Já a Prefeitura de Belém, por meio da Fundação Papa João XXIII (Funpapa), informou que um plano de Atendimento Emergencial à Pessoa em Situação de Rua e aos Migrantes e Refugiados no Município de Belém foi criado com estratégias para o atendimento aos que apresentam os sintomas leves da Covid-19. Em parceria com a Secretaria Municipal de Saúde (Sesma), a Funpapa preparou o ginásio Altino Pimenta, que tem capacidade para receber 150 pessoas, como espaço de assistência aos casos suspeitos. Lá, essas pessoas são assistidas por uma equipe multidisciplinar do Consultório na Rua, composta por assistentes sociais, enfermeiros e médicos, que realizam o acompanhamento e monitoramento dos casos 24h por dia.

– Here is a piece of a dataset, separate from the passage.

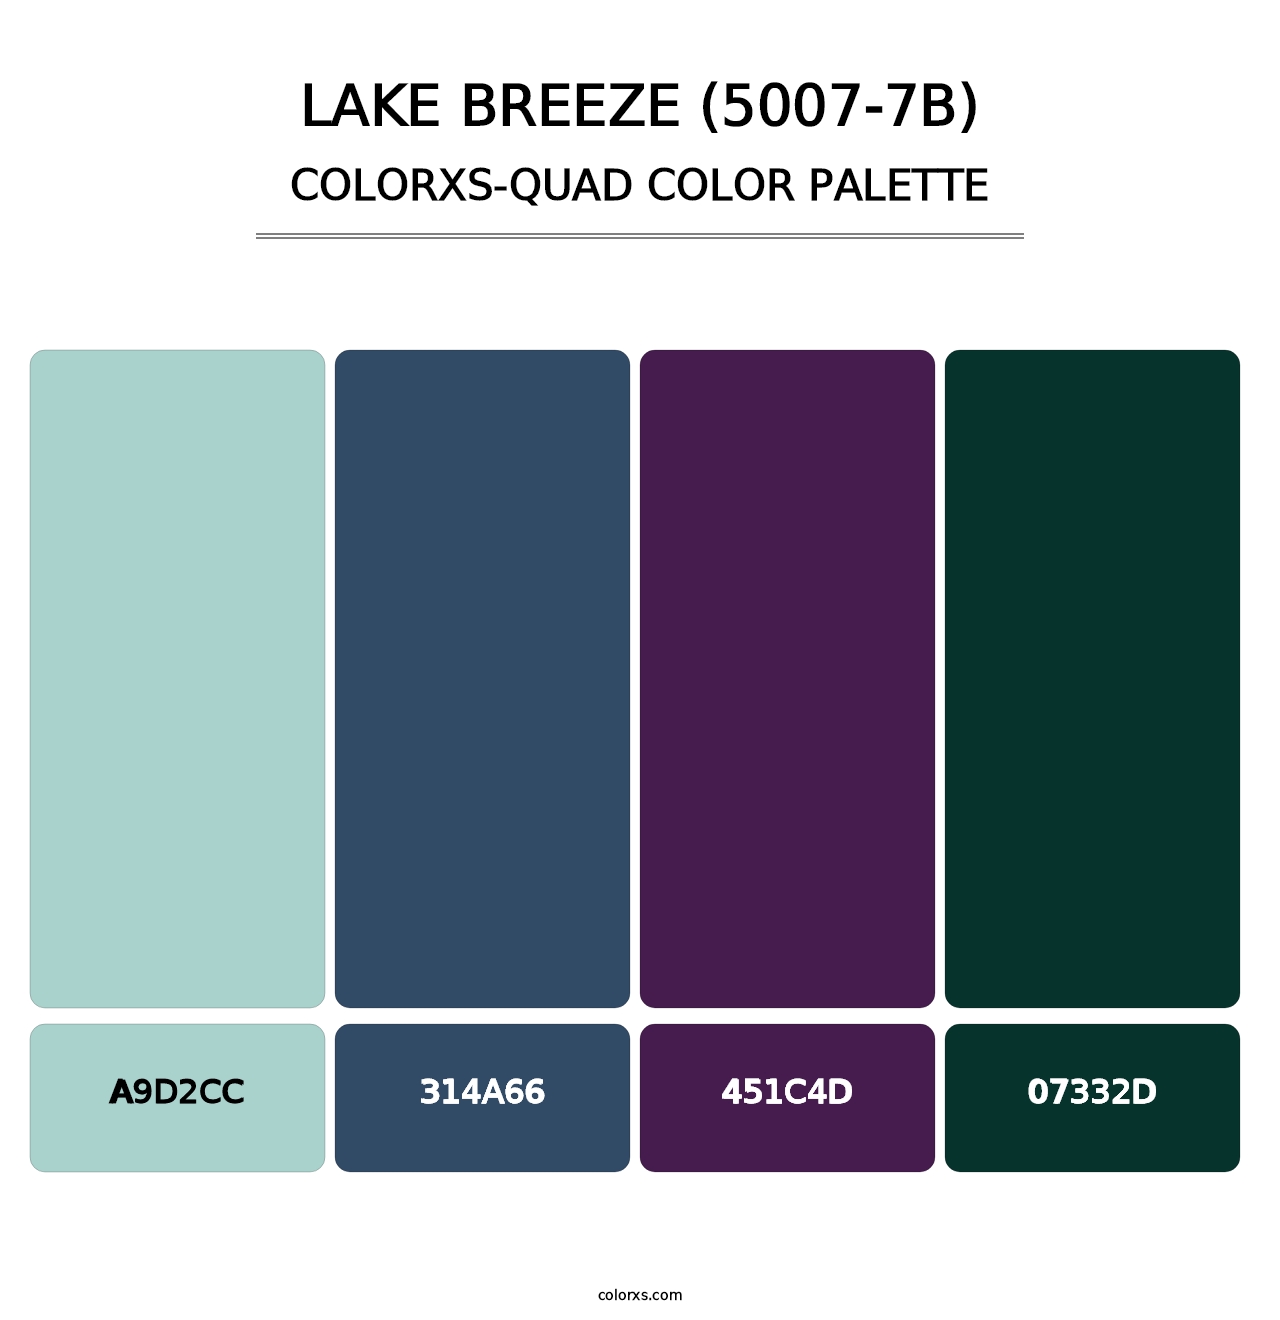 Lake Breeze (5007-7B) - Colorxs Quad Palette

Ainda de acordo com a Funpapa, os serviços dos Centros de Referência Especializado para Pessoas em Situação de Rua (Centro Pop de São Brás e Icoaraci) também foram ampliados para acolher pessoas vulneráveis do grupo de risco prioritário que estejam assintomáticas. O espaço está aberto 24 horas com uma equipe formada por cinco educadores e dez cuidadores para acolher idosos, mulheres e famílias que estão assintomáticos.

Em relação as Casas Abrigo para Moradores Adultos de Rua I e II, a Funpapa afirma que o período do isolamento social está sendo compensado com atividades pedagógicas, de lazer e esportes. Além disso, os abrigados recebem orientações e são acompanhados pelos profissionais do Consultório na Rua que avaliam o estado de saúde dos abrigados.  Para atendimento no abrigo, o encaminhamento é feito por meio do Centro Pop (São Brás e Icoaraci) ou demanda espontânea no Ginásio Altino Pimenta (Av. Visconde de Souza Franco, 456).

Tanto o Governo do Estado, como a Prefeitura de Belém foram questionados sobre uma estimativa em relação a quantidade de pessoas em situação de rua que, por motivos diversos, permanecem desabrigadas. Os órgãos não responderam a esse questionamento.